The Marimbondo Dam is an embankment dam on the Grande River near Fronteira in Minas Gerais, Brazil. The dam serves an associated hydroelectric power plant with a 1440 MW installed capacity.

==Background==
Owned and maintained by Eletrobrás Furnas, the dam was their fourth power plant constructed. Construction began in 1971 and was complete in 1975 when the first generator went online. The last of the eight generators went online in January 1977.

==Specifications==
The Marimbondo Dam is a 3100 m long and 94 m high earth-fill embankment dam with a concrete spillway and power house section. The total structural volume of materials for the dam is 14400000 m3. The dam's spillway contains nine floodgates that are 15 m wide and 18.85 m high each.

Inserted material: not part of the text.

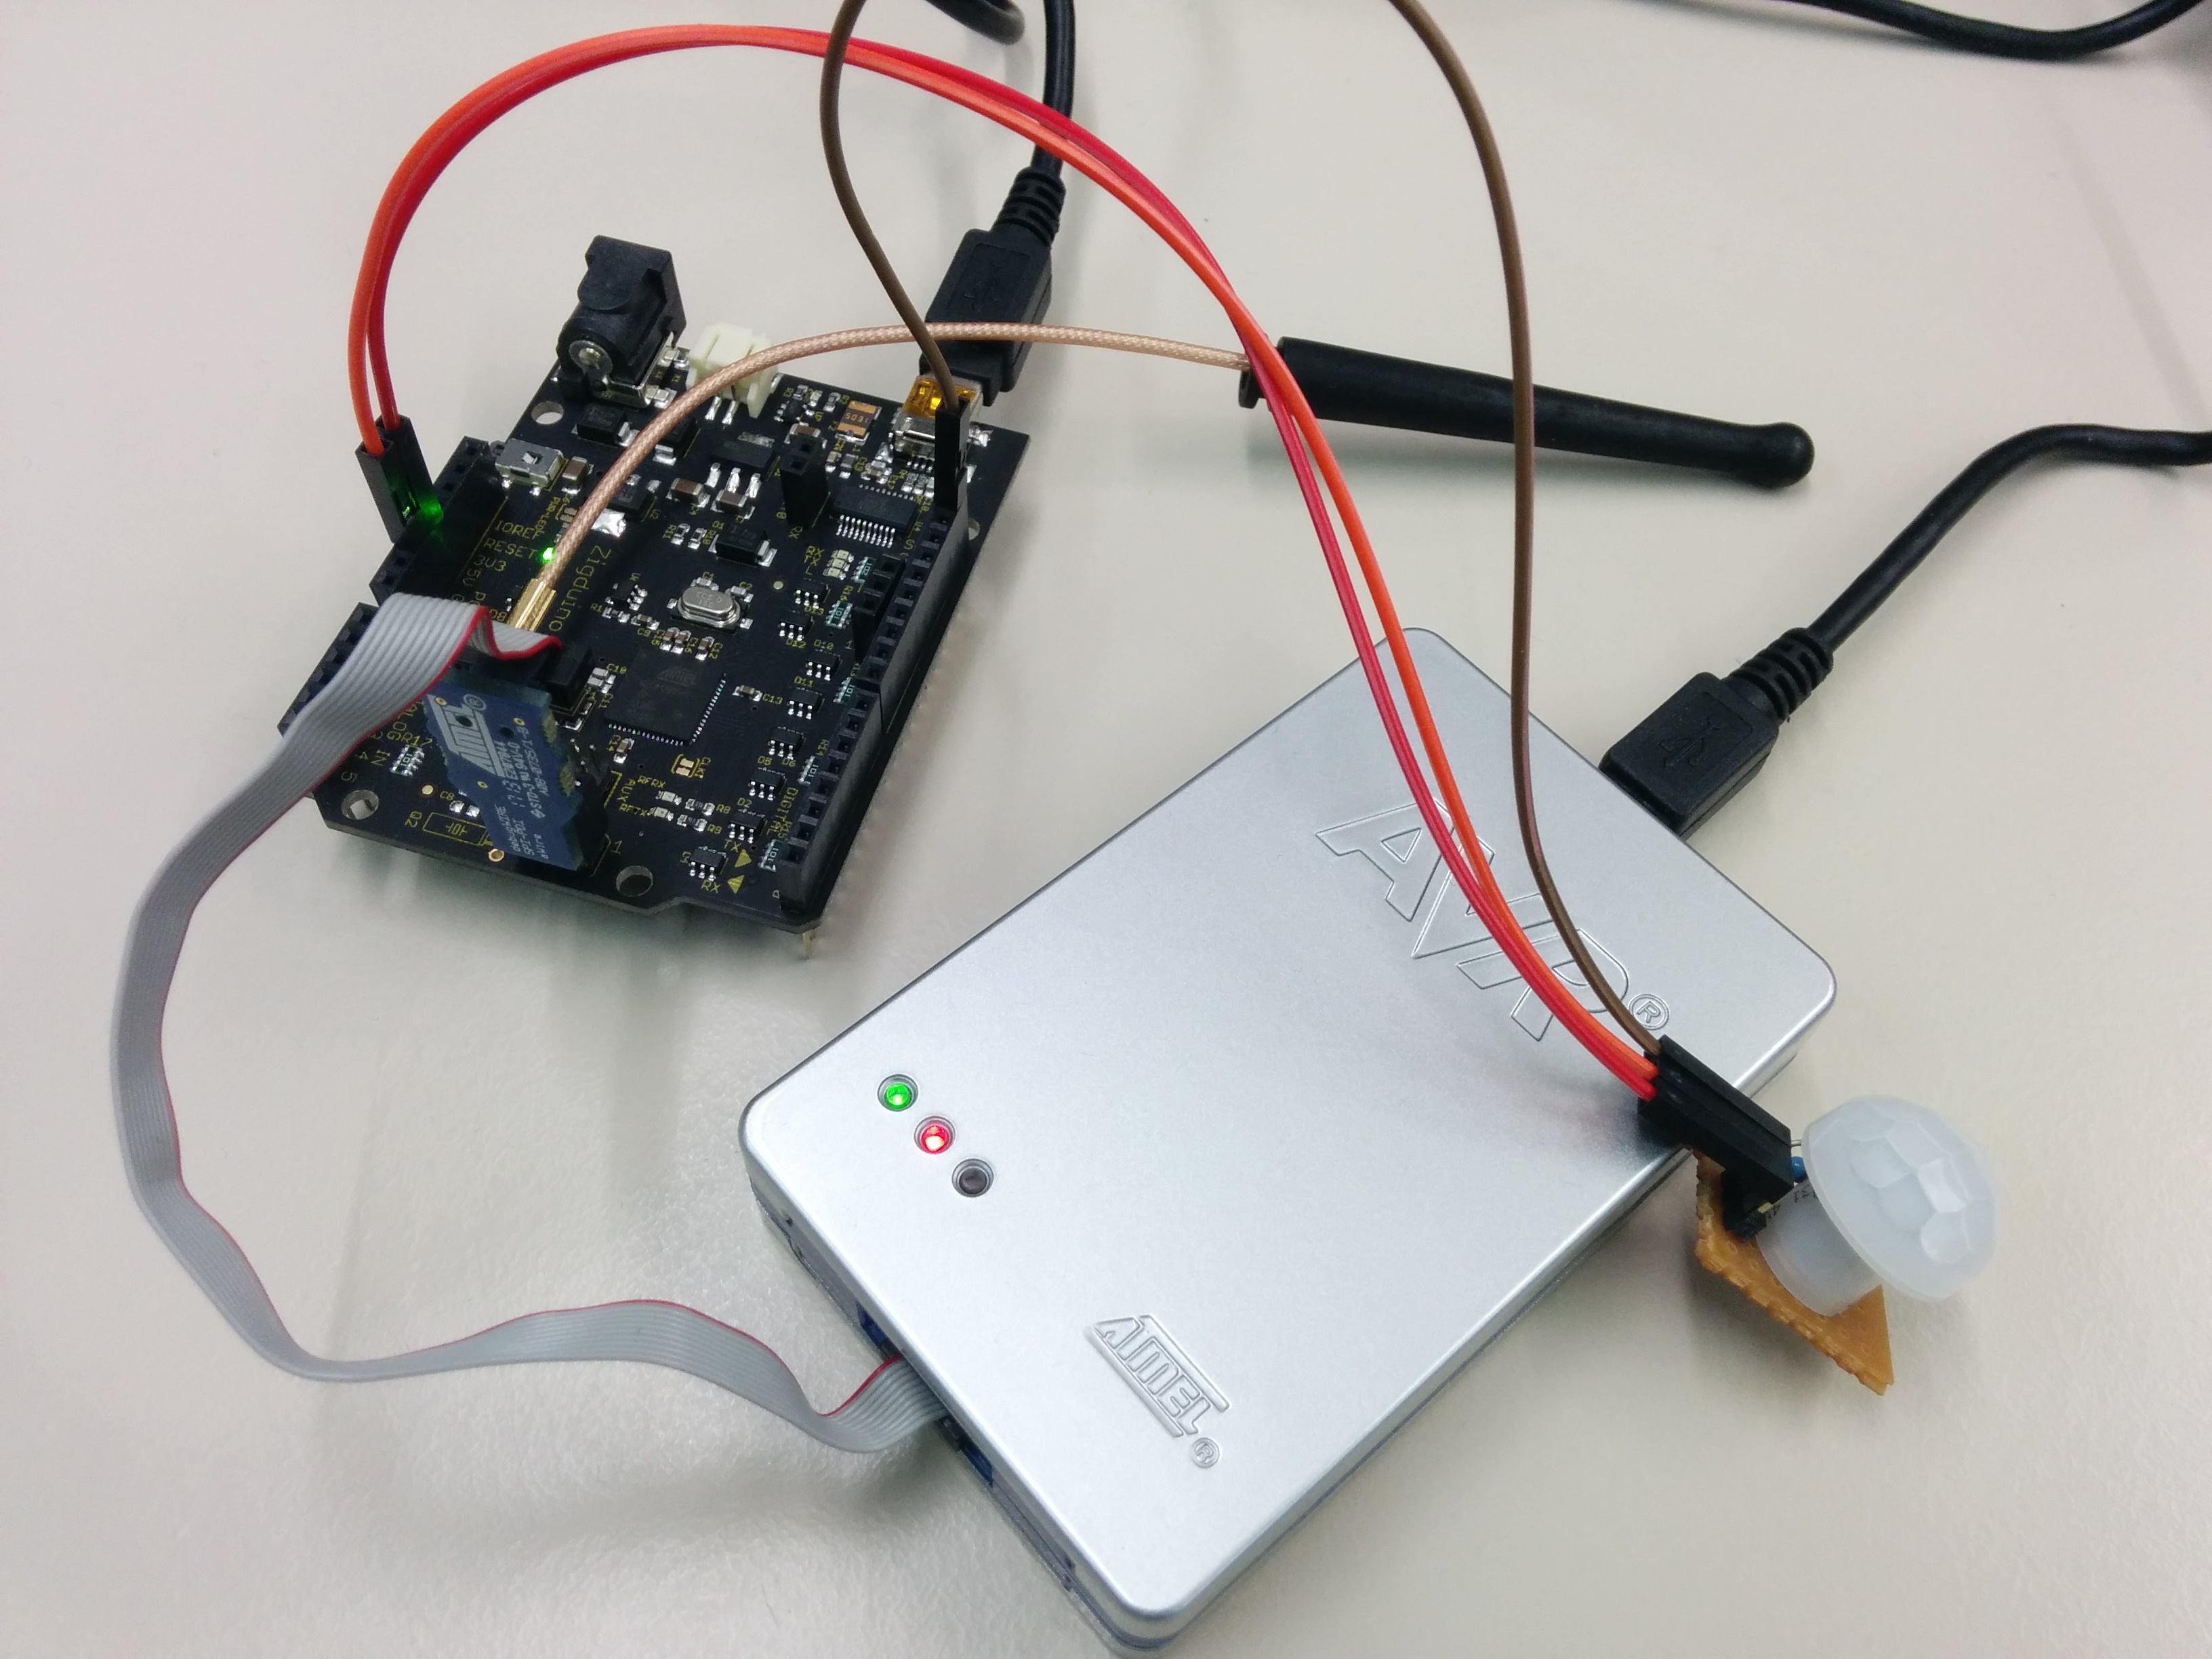 PIR connected to the Zigduino
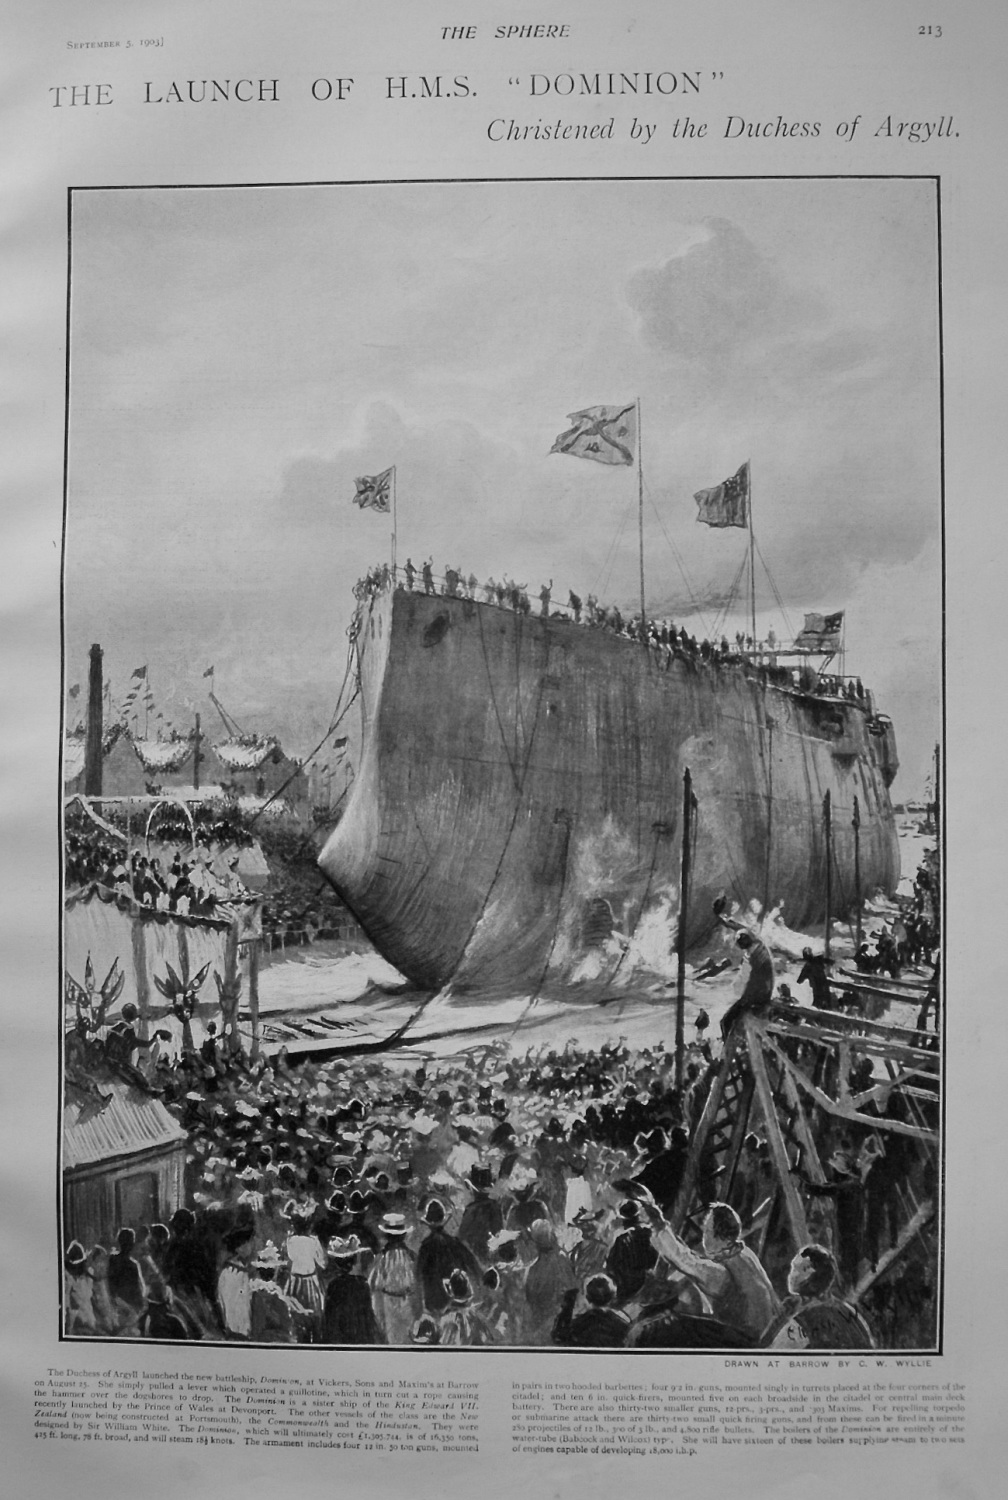 The Launch of H.M.S.

In total, the spillway has a 21400 m3/s discharge capacity.

==Reservoir==
The reservoir created by the dam has a surface area of 438 km2 and capacity of 6150 e6m3 with 5260 e6m3 serving as live (active or "useful") storage. The normal reservoir level is 446.3 m above sea level and the maximum is 447.36 m.

==Marimbondo Hydroelectric Power Plant==
Marimbondo Hydroelectric Power Plant is 25.3 m wide and 250.2 m long and contains eight 180 MW generators that are powered by Francis turbines.